++++ Information provided ++++

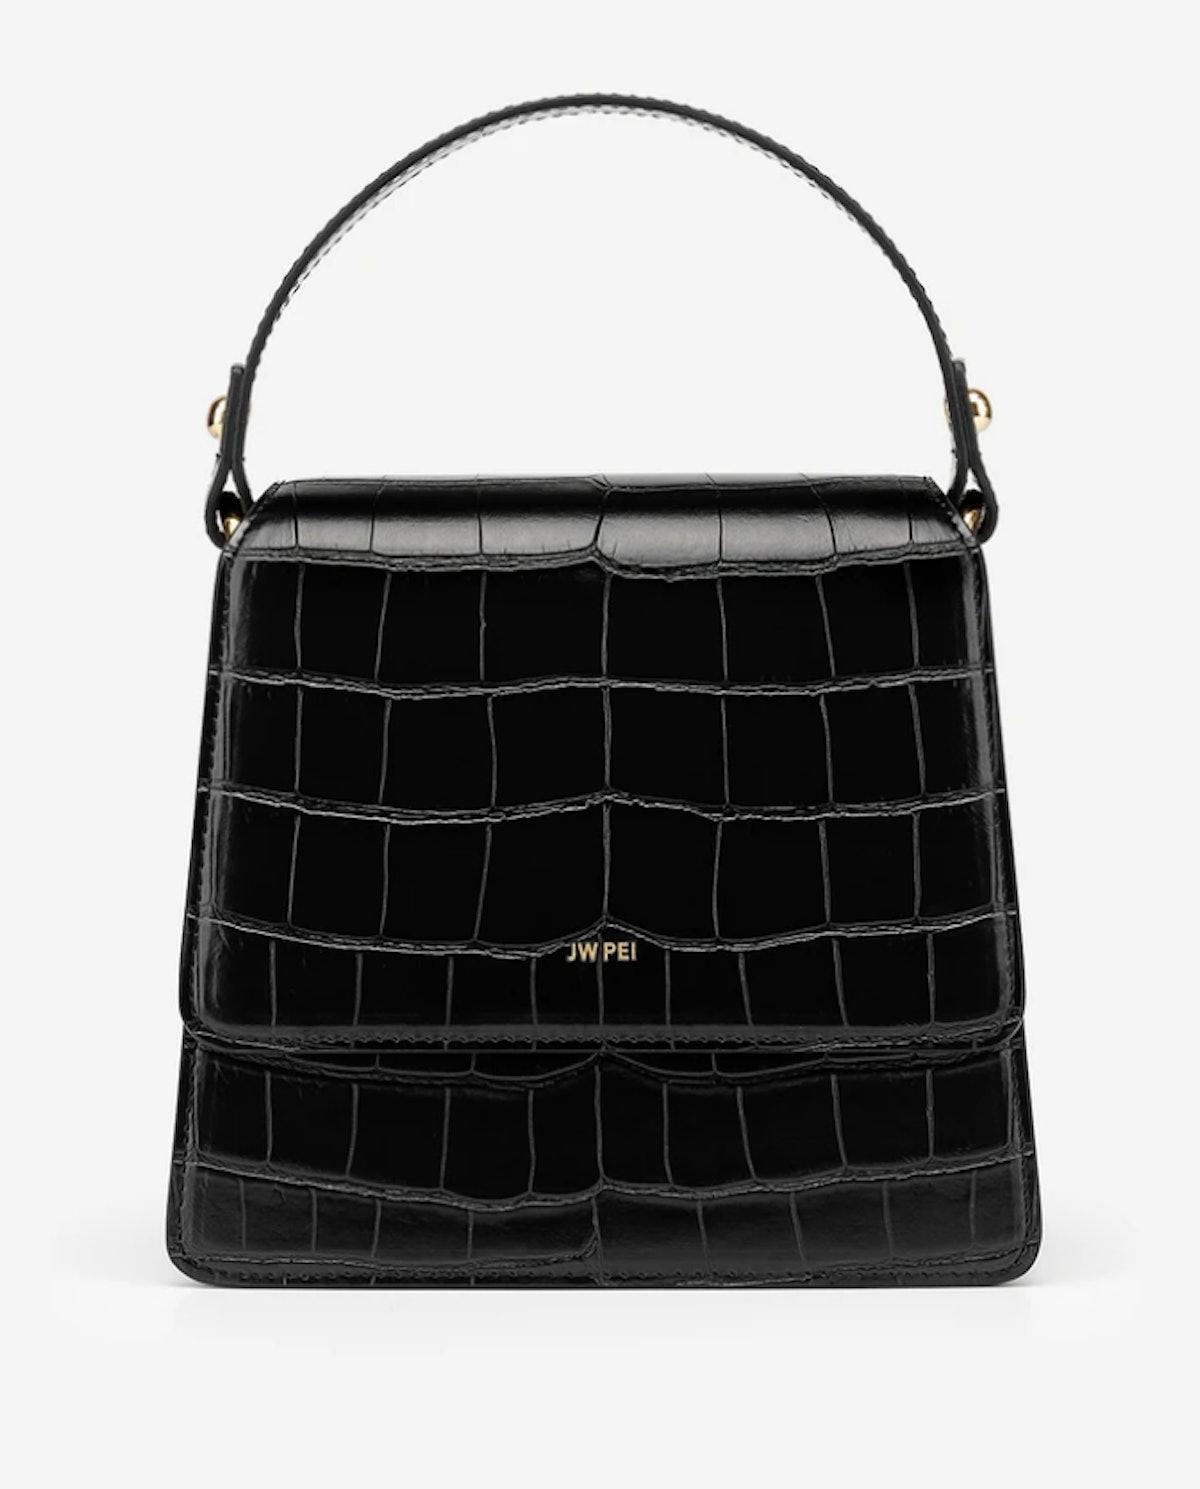 JW PEI's The Fae Top Handle bag in black croc.
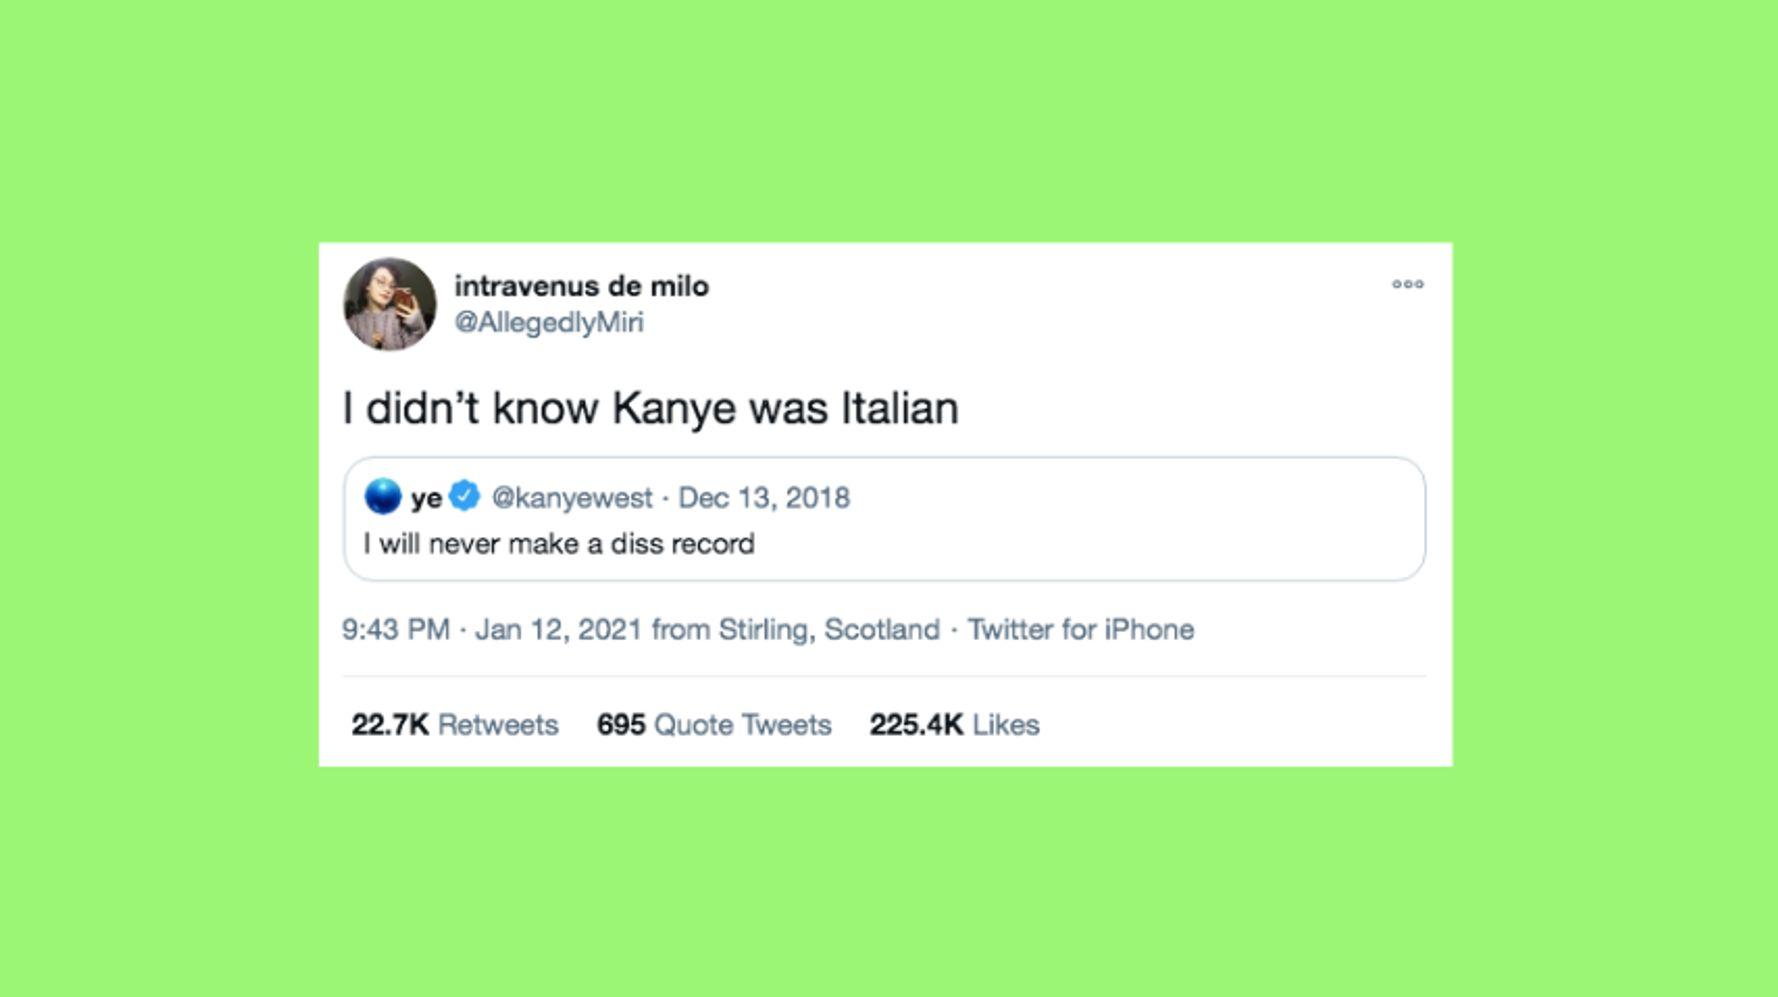 The 20 Funniest Tweets From Women This Week (Jan. 9-15)
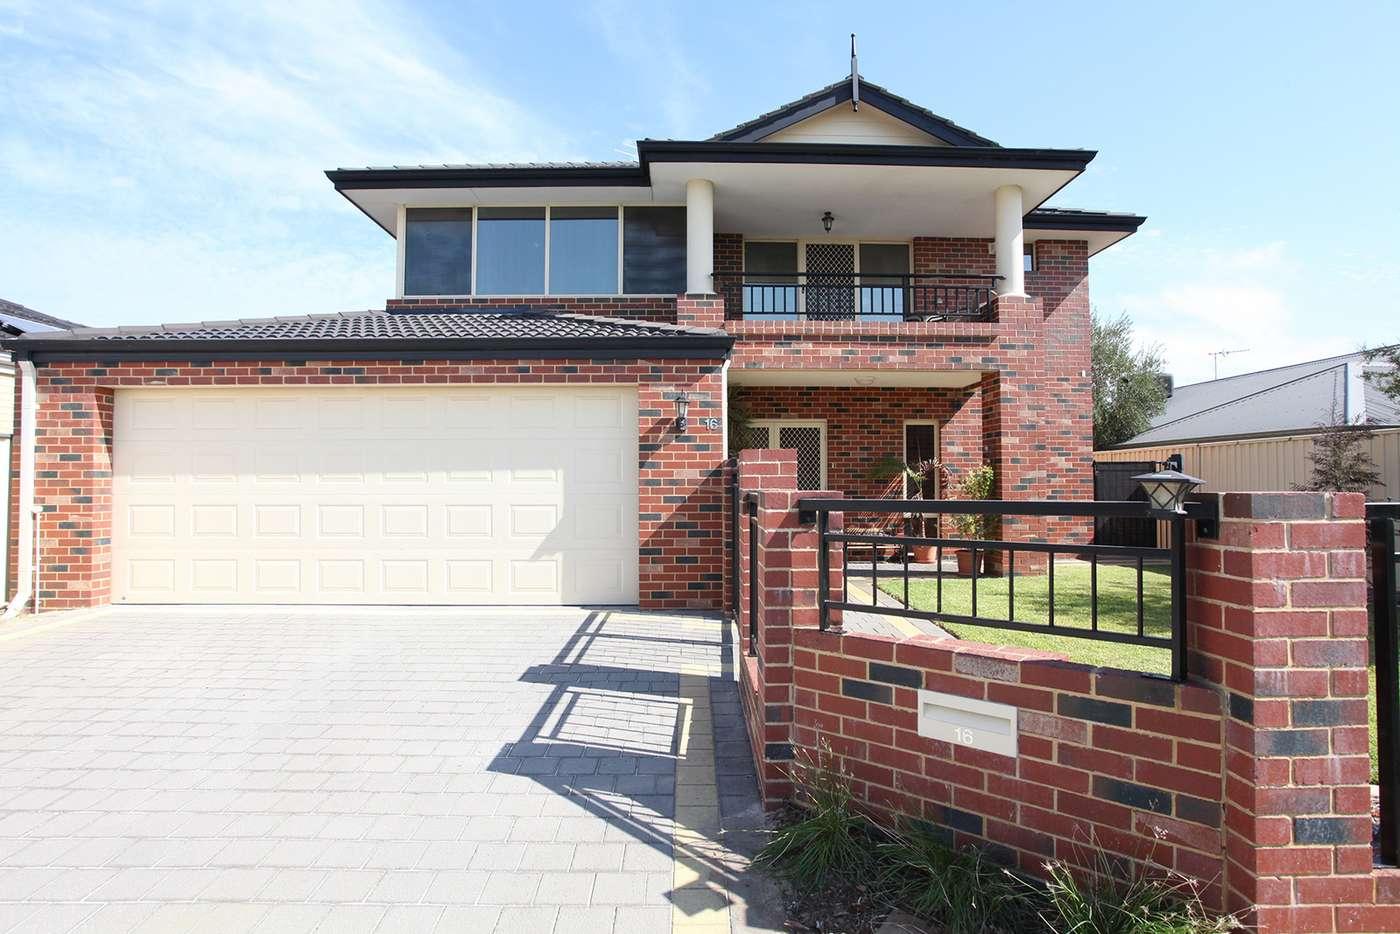 Main view of Homely house listing, 16 Burdekin Vista, Hammond Park WA 6164

++++

Go through the listing above and retype it exactly, skipping every picture.

 JW PEI's The Fae Top Handle bag in black croc.
 The 20 Funniest Tweets From Women This Week (Jan. 9-15)
 Main view of Homely house listing, 16 Burdekin Vista, Hammond Park WA 6164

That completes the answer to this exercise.